Four Mile Trail
The Four Mile Trail in Yosemite National Park offers hikers a wonderful trail with lots of views and two highlights of Yosemite: Yosemite Valley and Glacier Point. While it’s great as an out-and-back route, many hikers choose to take a bus or use a second car to go one-way.
Head to Four Mile Trailhead along Southside Drive to set out on this route.
Yosemite Valley campgrounds
|When to do|
April to October
Yes - On Leash
Out and back
Four Mile Trail
Four Mile Trail Description
The first decision in hiking the Four Mile Trail is whether to go in one direction or go out and back. We share this as an out-and-back, from Yosemite Valley up to Glacier Point and back down, but this can also be done as a one-way. If you’re doing it as a one-way, either book a one-way bus ticket or have a car at both ends of the trail. Side note: if you’re wondering why a 9.2mi trail earned the name Four Mile Trail, it’s because it’s just over four miles one way.
This hike starts at the Four Mile Trailhead on Southside drive at the base of Sentinel Rock. Follow the trail and almost immediately start gaining elevation through a series of switchbacks.
You’ll soon come to a fairly level traverse below Sentinel Rock that heads to the Northeast, with nice views across Yosemite Valley, and in spring, you’ll see Yosemite Falls gushing out high above the valley.
Continue on this trail before you start another long series of switchbacks to gain elevation.

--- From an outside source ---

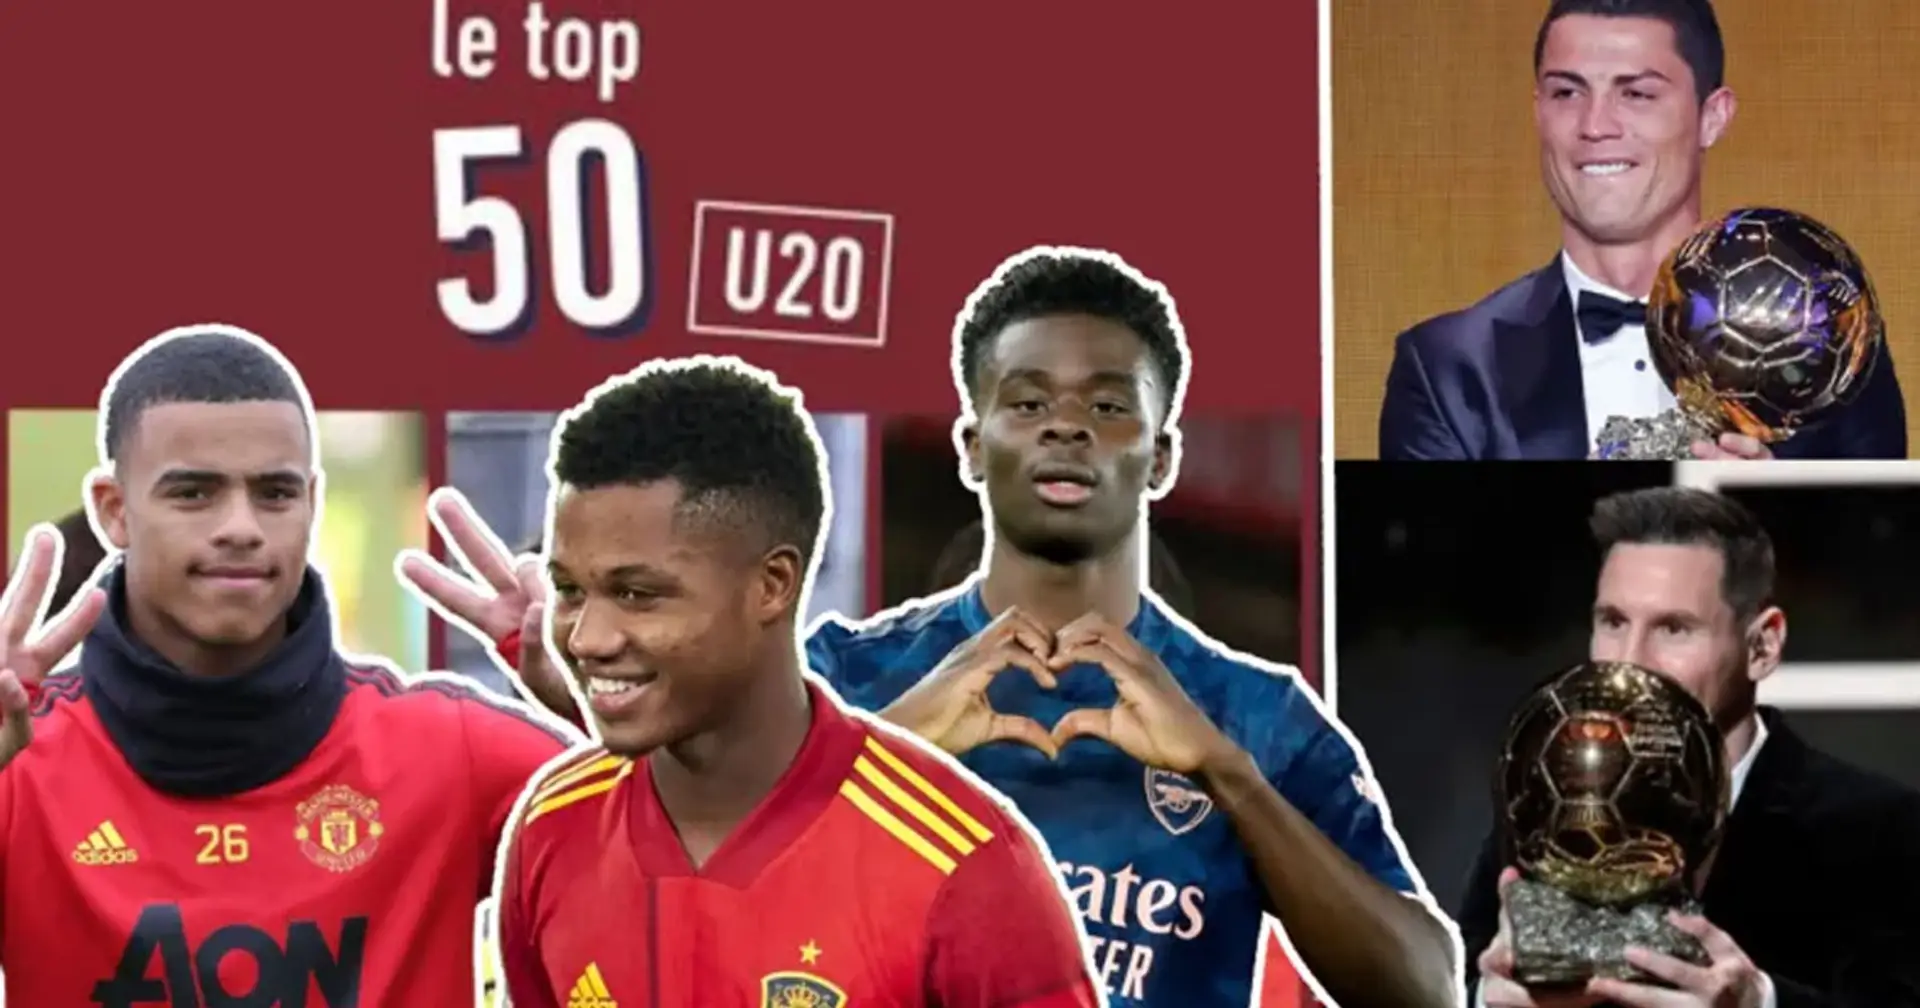 L'Equipe ha nominato i 10 migliori giocatori under 20 - sono il futuro del calcio

Around halfway up, you’ll have the option to take a quick detour to Union Point, a lovely viewpoint with vistas stretching out over the Yosemite Valley.

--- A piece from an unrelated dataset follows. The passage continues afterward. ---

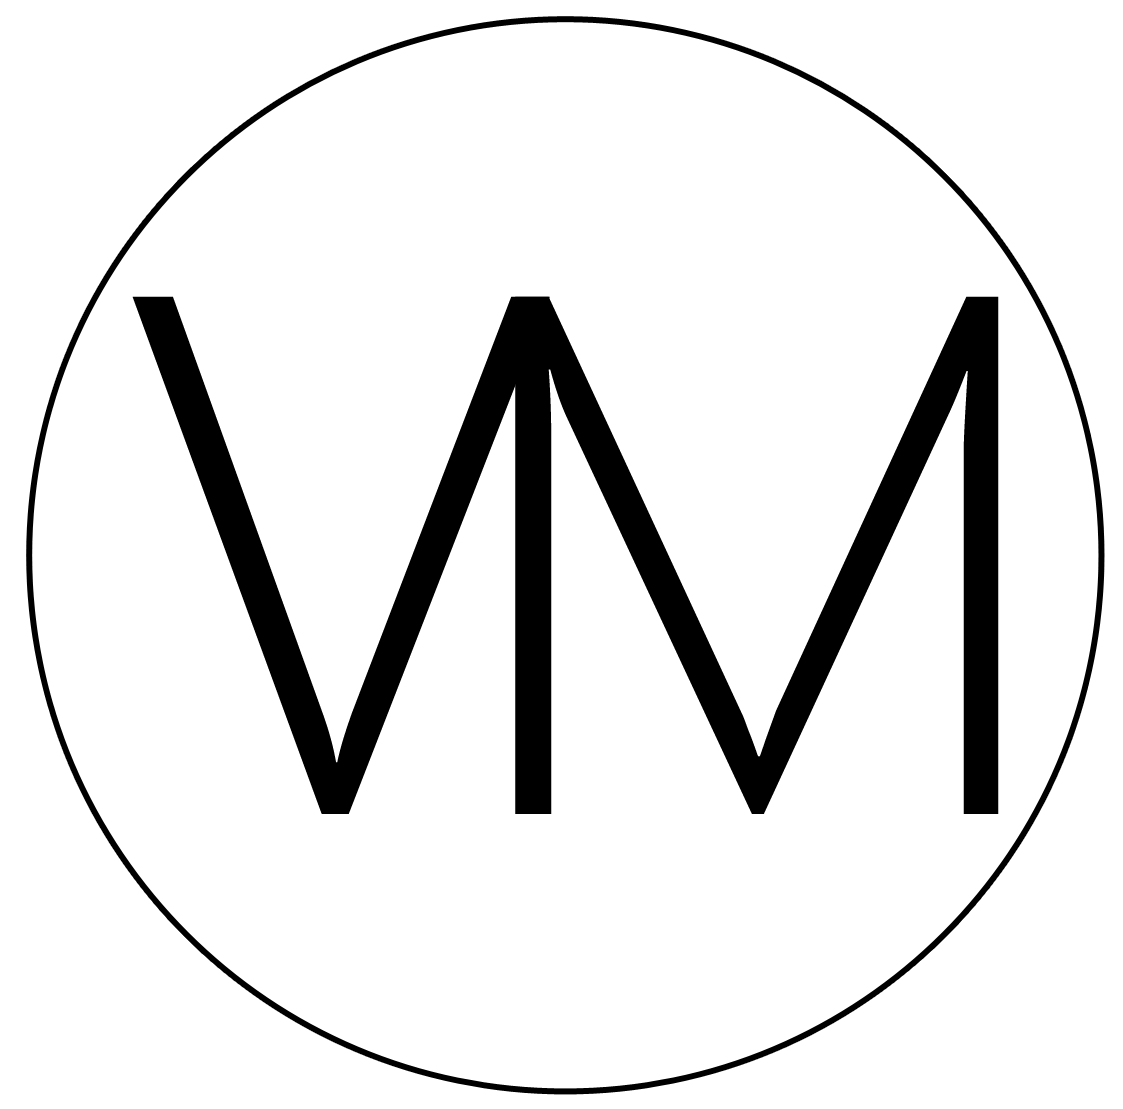 Logo vnovom - Návrhy interiérov

From Union Point, continue on the Four Mile Trail as you immediately head up your final set of switchbacks. From the switchbacks, the final section of the Four Mile Trail takes you to Glacier Point—the true highlight of the hike.
Glacier Point boasts one of the finest views in Yosemite National Park (and all of North America), with Half Dome dominating the view of the Yosemite Valley and beautiful waterfalls, which are best in spring.
There is a washroom and snacks at Glacier Point, and it’s definitely worth a longer break to soak in the view. To get back to Yosemite Valley, return the way you came, walking back down the Four Mile Trail.
The Four Mile Trail doesn’t have a lot of shade, so this is not the best choice of trails on very hot days.
Parts of the Four Mile Trail are quite steep, and people who don’t love heights have said it was a bit overwhelming. If you don’t like heights, then the Four Mile Trail may not be the best trail to do.
The descent from Glacier Point is tricky at times, even in dry weather, and poles make it significantly safer and easier on the knees. If there is one hike in Yosemite to bring poles, Four Mile Trail is it.
This isn’t a great hike to do in wet weather, especially coming back down, where sections are quite steep and can get even more slippery when wet.
A bus runs from Yosemite Valley to Glacier Point, and you can get a one-way fare. If you’re doing this, we suggest taking the bus to Glacier Point and walking back.